Take it from Scott Helmes, who is graduating on May 4.
The 23-year-old Cedartown, Georgia native was one of three CEE candidates who was flown to Chicago for a day-long interview at CB&I, a Chicago-based engineering company, on April 17.
That was one day before his final exam in Concrete Reinforcement, but The Fates smiled upon him.
“My professor, Dr. Yang, offered to give me the exam a day later, on April 19, so I’d have time to interview and to travel,” says Helmes. “I thought that settled things, that I had this planned to a T. Boy, was I wrong.”
Flying out on April 16, Helmes was well-rested and well-prepared for multiple interviews during his visit to CBI the next day.

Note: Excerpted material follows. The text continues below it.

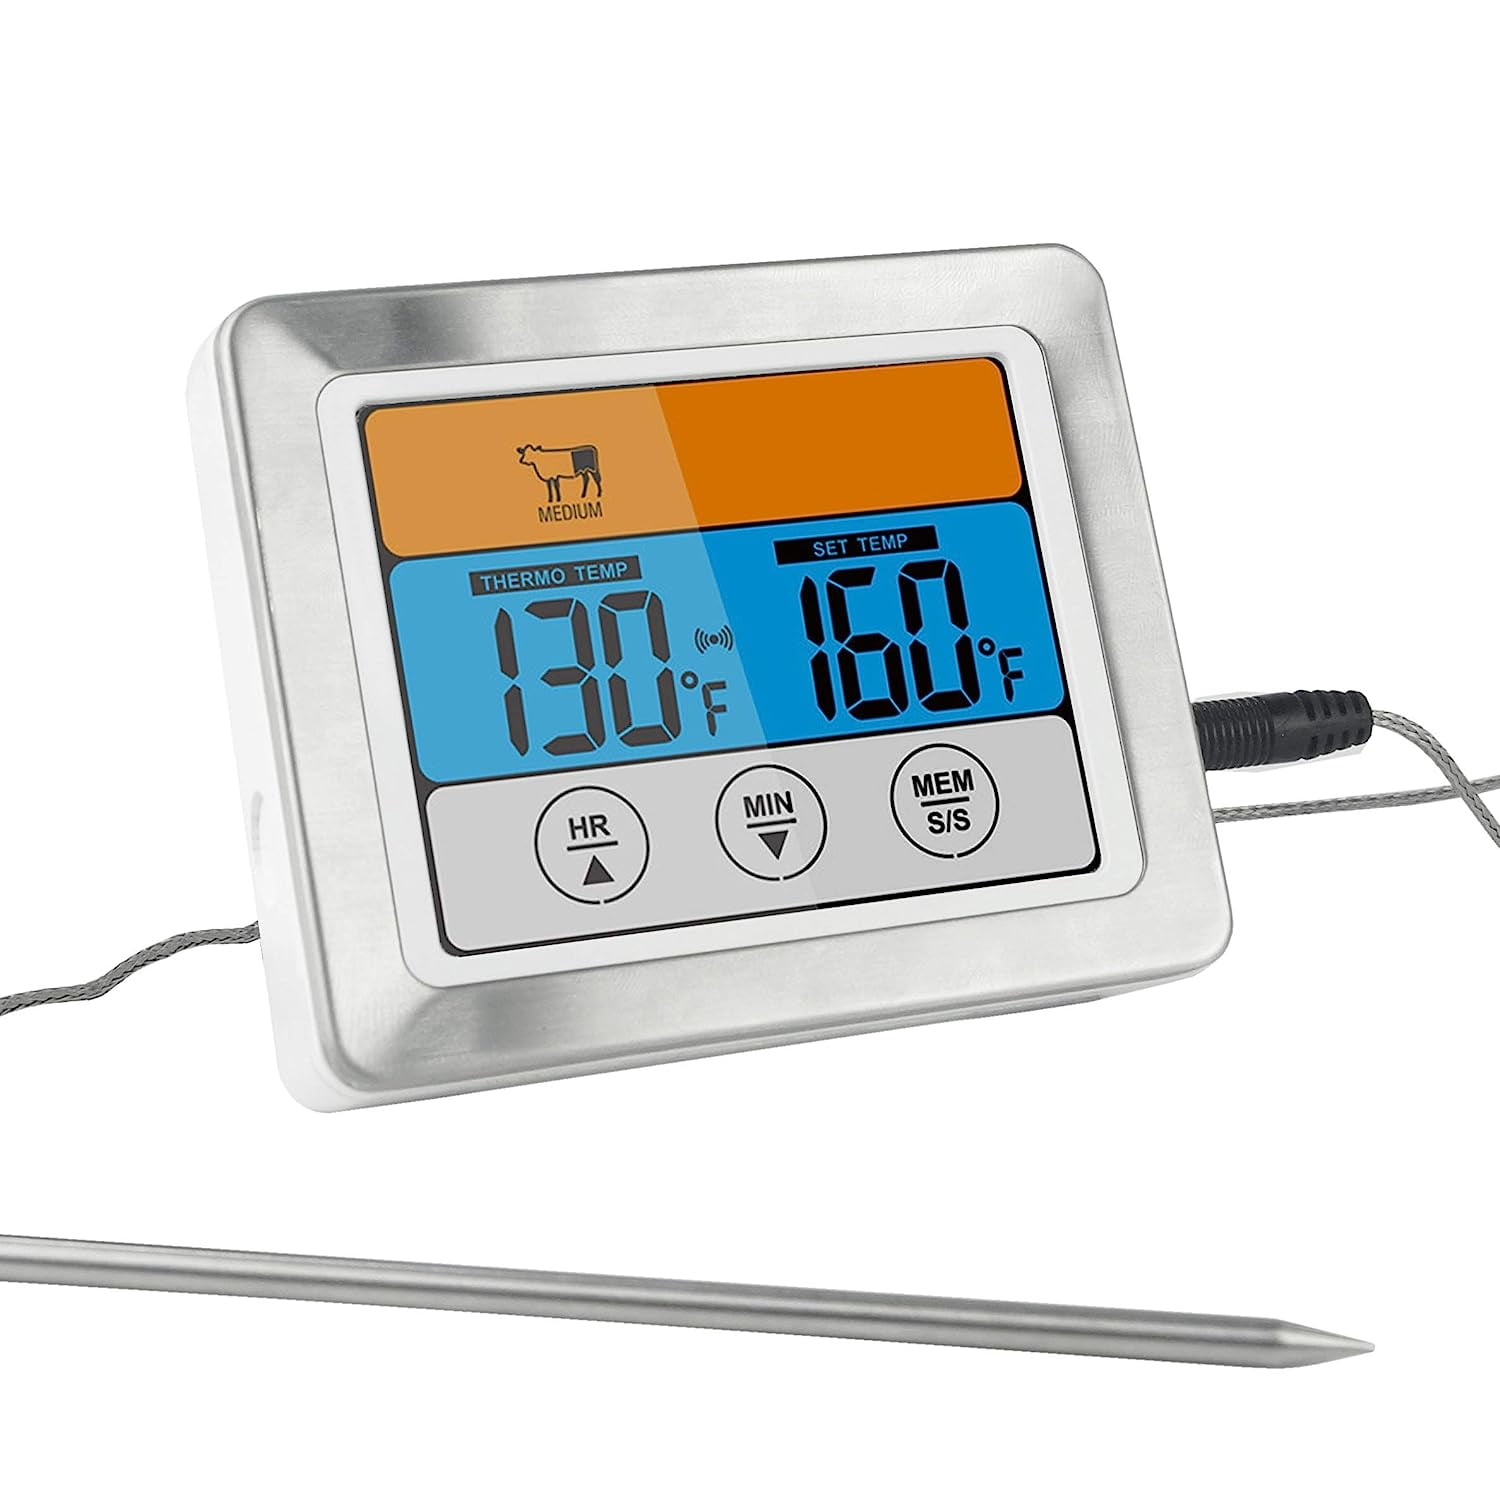 Large LCD Display BBQ Thermometer with Timer - Stainless Steel Temperature  Probe for Precise Cooking

“He did a great job, he was a great fit,” says CB&I Nuclear Operations Manager, Wilson “Lee” Presley (CE ‘79), who recruited Helmes during an ASCE job fair at Georgia Tech a few weeks earlier. “We knew we were going to offer him the job.”
Helmes left the interview with high hopes, but no promises. Yet.
So, like any good engineer, he turned his attention the next problem before him: final exams back in Atlanta.Helmes’s first flight out of O’Hare that night was canceled due to what Presley calls “the mother of all storms.” After running through the airport to catch another flight, Helmes was turned away at the gate. CBI put their top job candidate up in an airport hotel for a second night.
“I had only brought two changes of clothes, but that wasn’t the worst part,” says Helmes. “When the van came to pick me up from the hotel on the second day, it got stuck in some mud. So I had to get out and push.”
Covered in mud up to his knees, Helmes trudged into O’Hare for a second try. Once again, his flight was canceled.
“That was no fun, sitting in the airport, muddy and wet for four hours, waiting,” he said. “But CBI put me up again, so I went off to a hotel. Unfortunately, I wasn’t the only one who was stuck at the airport that night so I had to wait for a long time before I got my room.”
Did we mention he only had two changes of clothes?
“The next day I woke up early and I saw it had started to snow, and I got really nervous, so I got to the airport early,” he said. “The plane was on the runway for an hour and a half while they de-iced it, but, eventually, they took off.”
Before he dropped off to sleep that night, Helmes showed the sort of finesse that makes Georgia Tech grads really stand out from the herd: he wrote Presley a ‘thank you’ note.
Presley laughed at the irony of this gesture, but added, “He had a helluva time when he was visiting us, but a good engineer is nothing if not resilient and persistent. He proved we had made the right choice.”
And that exam?
“It was a hassle, but once I explained to Dr. Yang what had happened, he re-scheduled me for the following Monday,” he said. "I calculated I spent 16 hours standing in lines at the airport between those three days."
Scott Helmes will begin working with Chicago Bridge & Iron in mid-June.